⟨

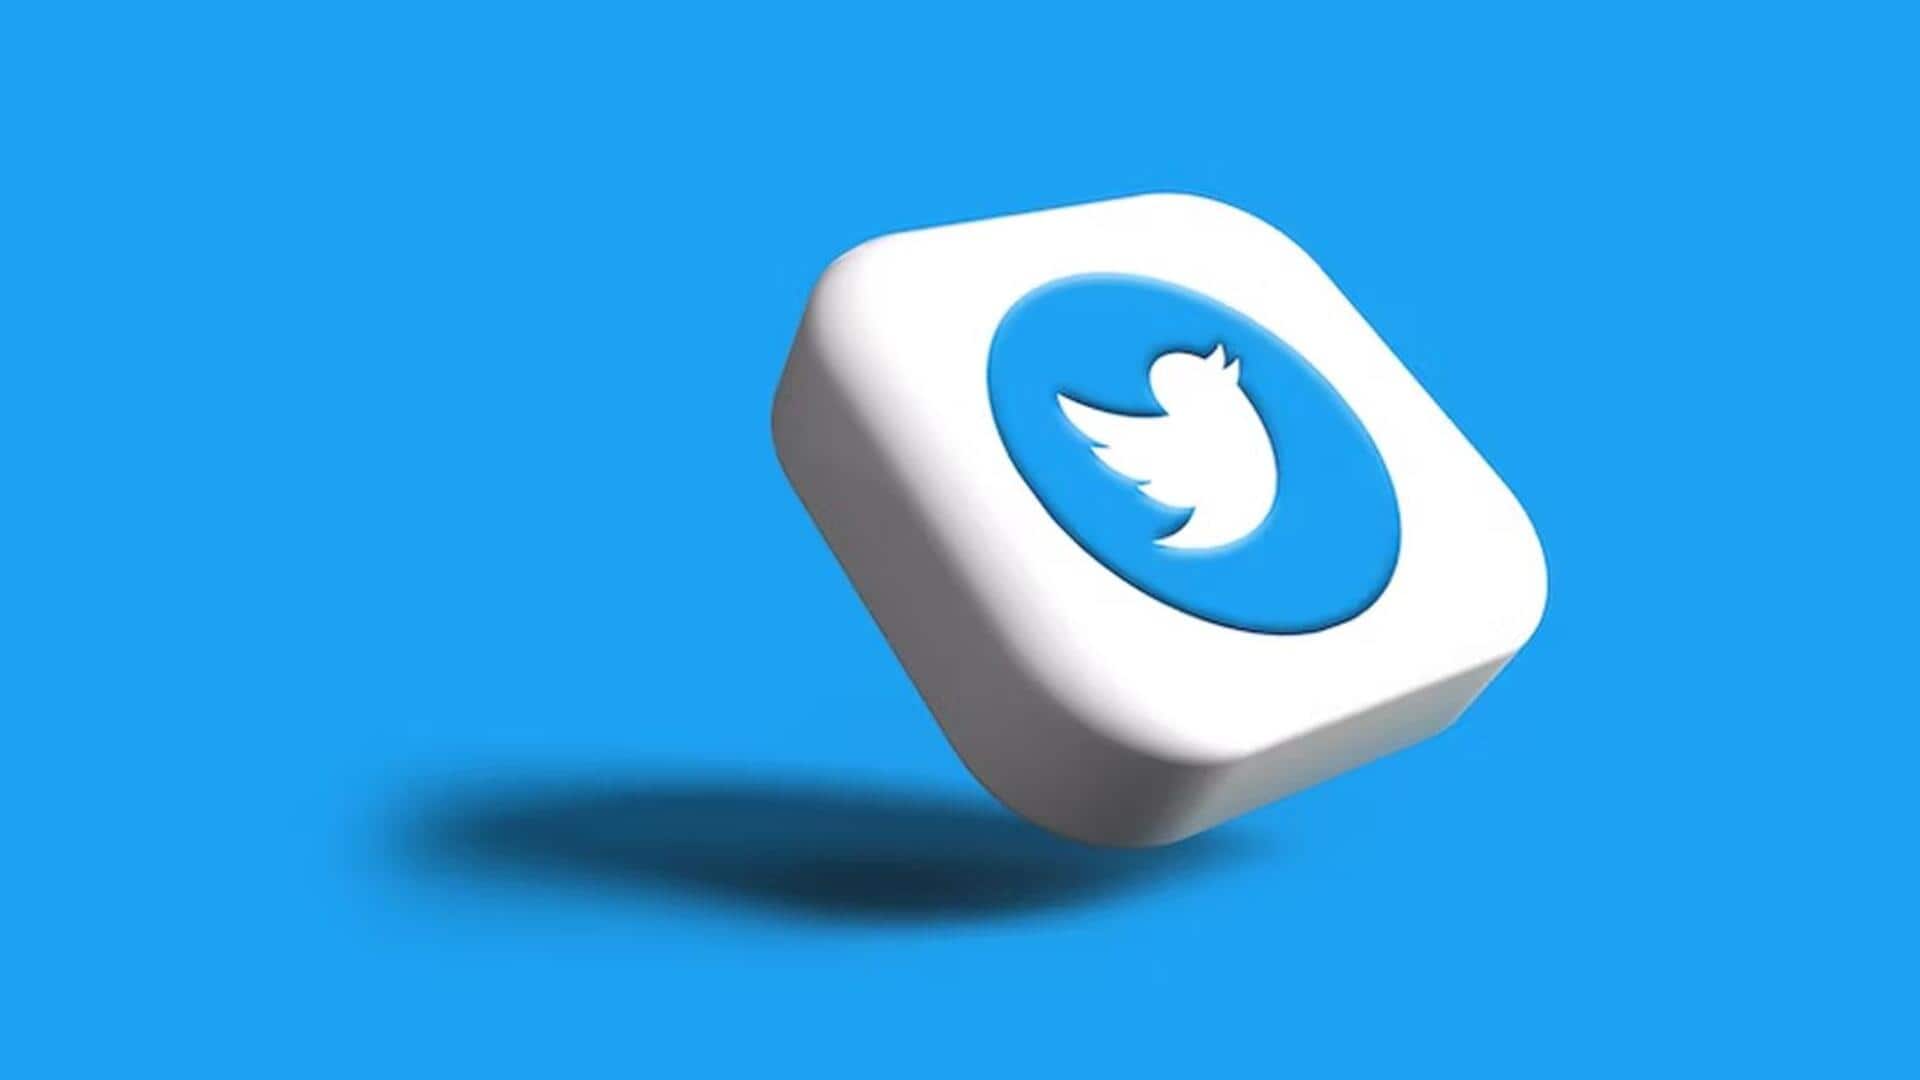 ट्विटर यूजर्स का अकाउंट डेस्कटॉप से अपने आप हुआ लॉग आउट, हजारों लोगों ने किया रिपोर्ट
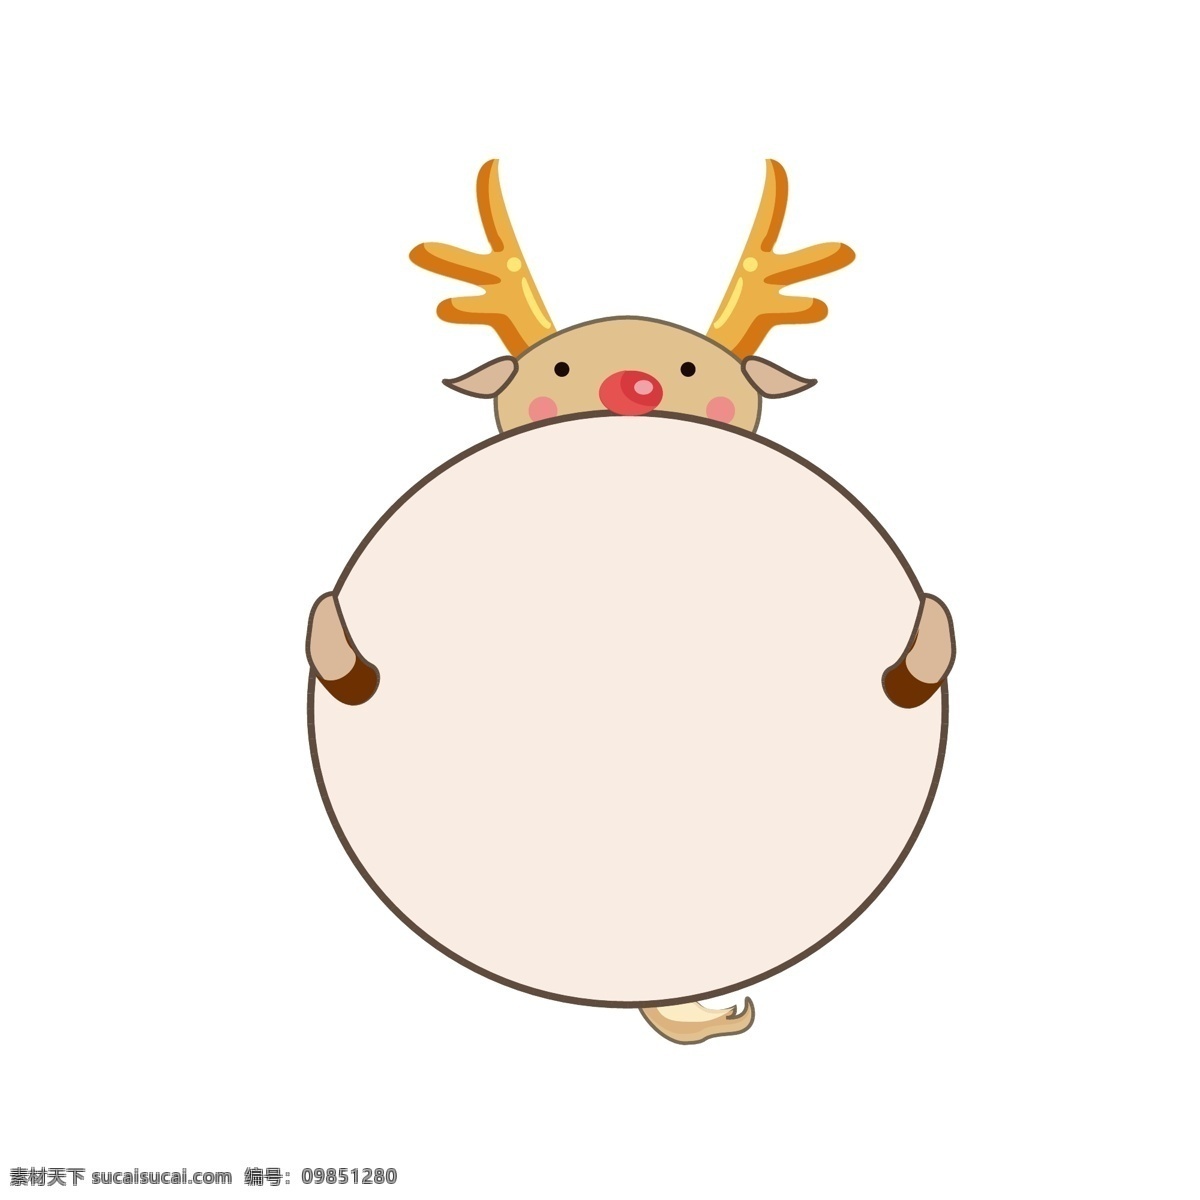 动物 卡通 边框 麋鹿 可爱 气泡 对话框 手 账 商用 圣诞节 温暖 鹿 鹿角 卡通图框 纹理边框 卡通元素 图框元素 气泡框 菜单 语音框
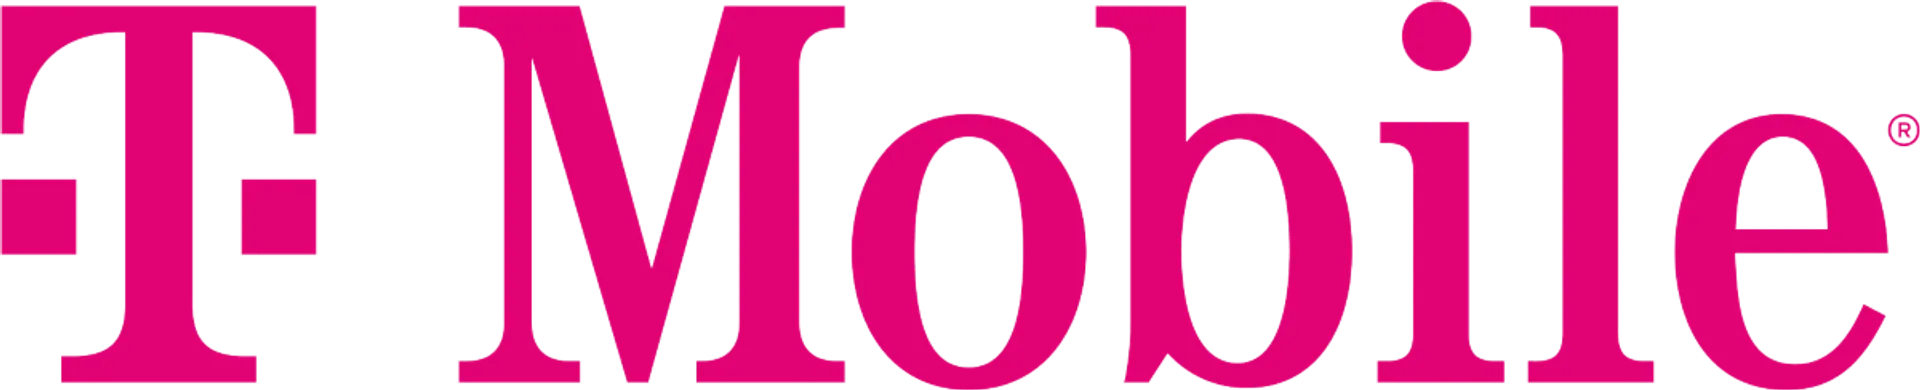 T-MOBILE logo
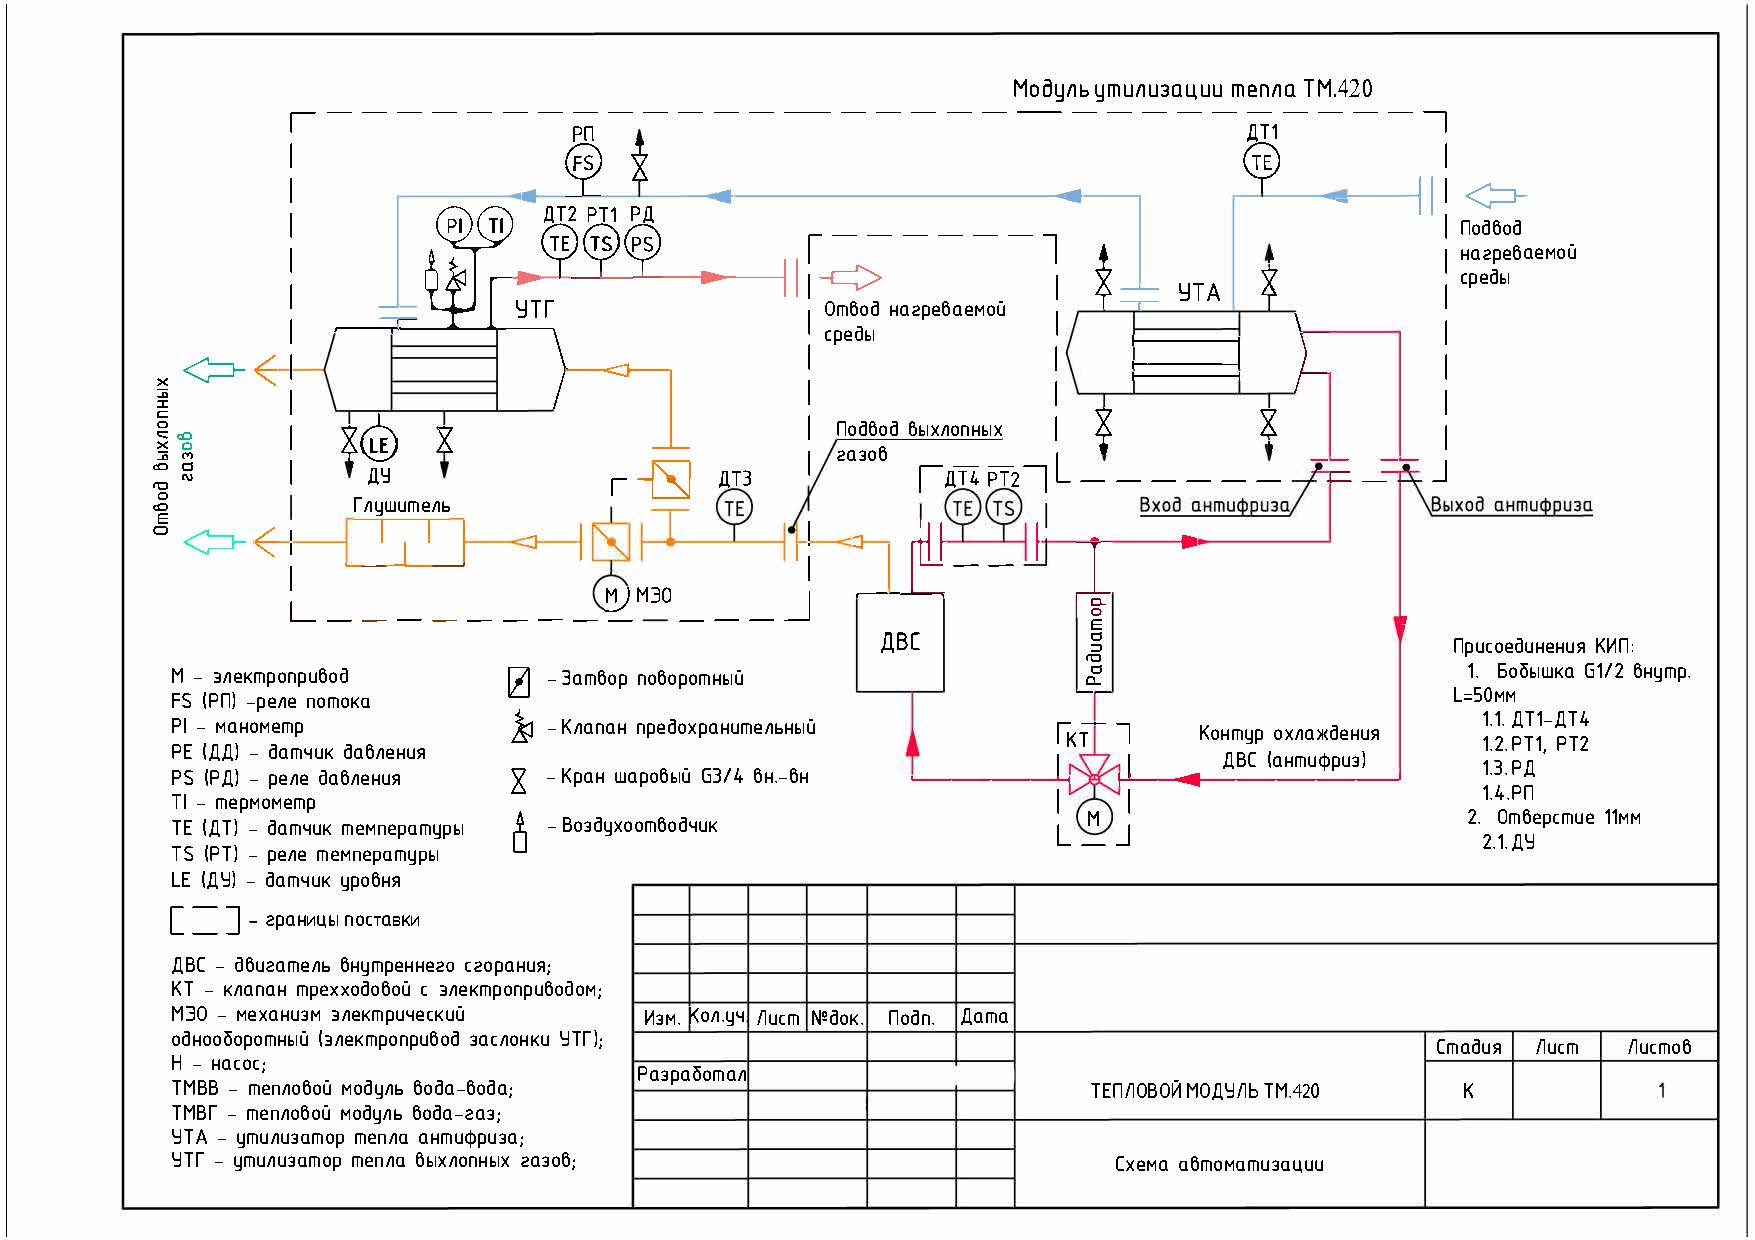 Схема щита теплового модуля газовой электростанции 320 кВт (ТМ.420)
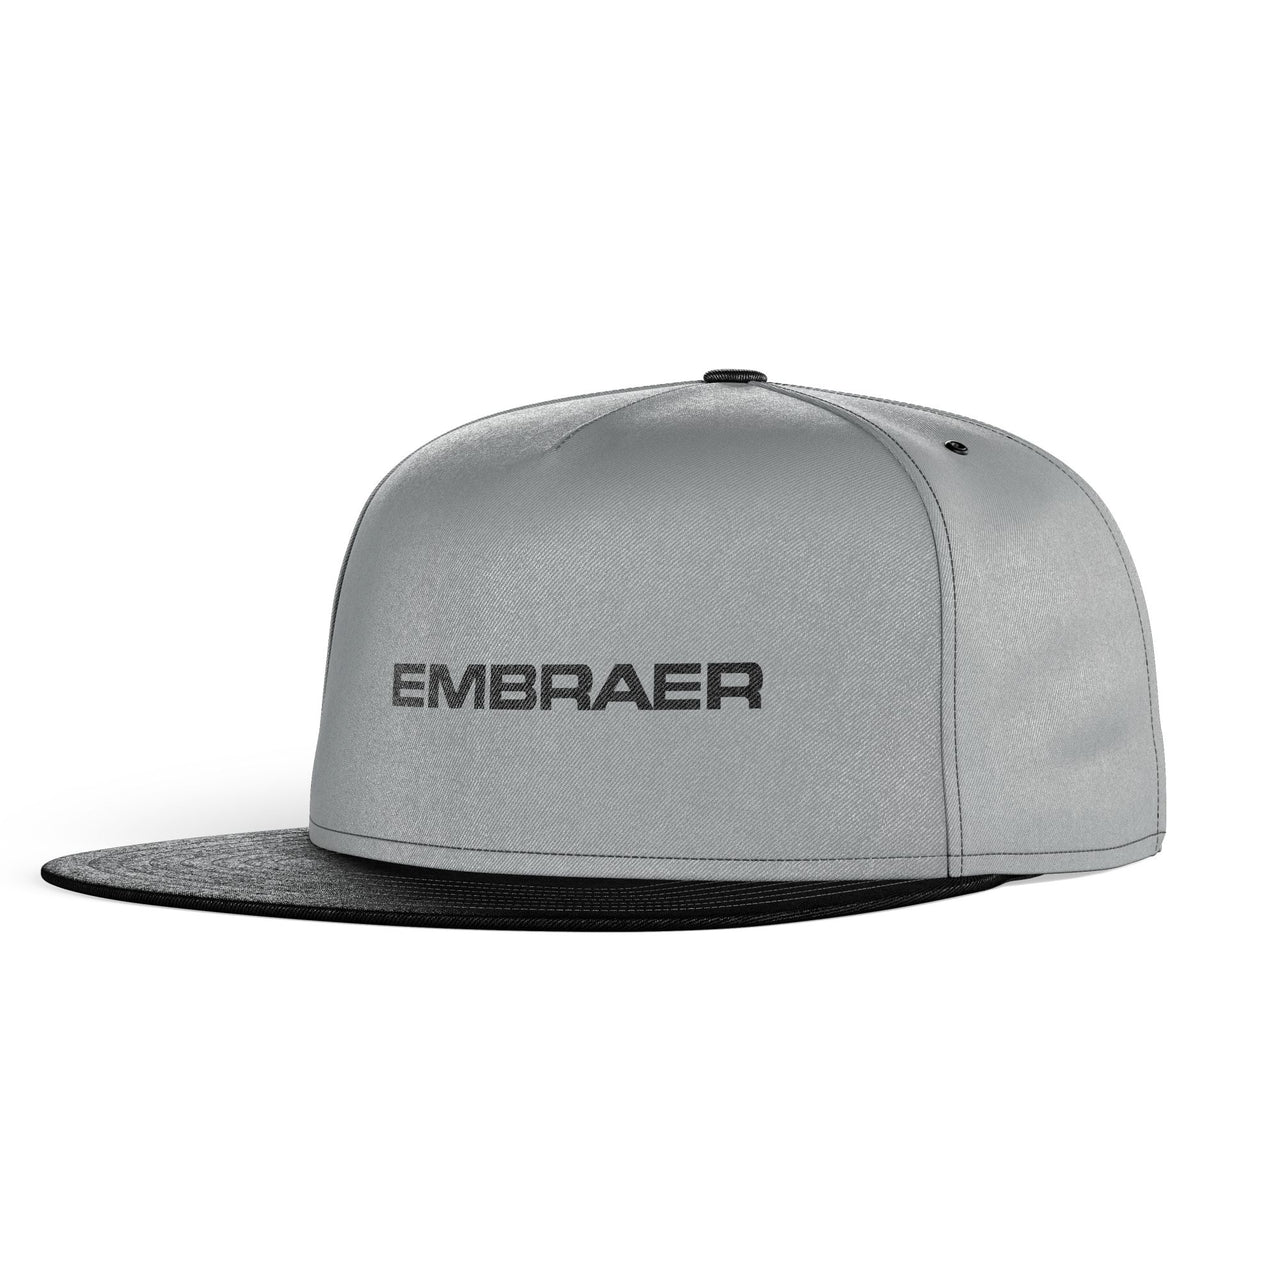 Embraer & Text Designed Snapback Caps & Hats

⟩

• [WHAT YOU HAVE TO DO]: Find the line containing "Схема щита теплового" in the listing above. Please restate word for word that line through the last one, leaving out the pictures.

• [ANSWER BELOW]:
 Схема щита теплового модуля газовой электростанции 320 кВт (ТМ.420)
 Embraer & Text Designed Snapback Caps & Hats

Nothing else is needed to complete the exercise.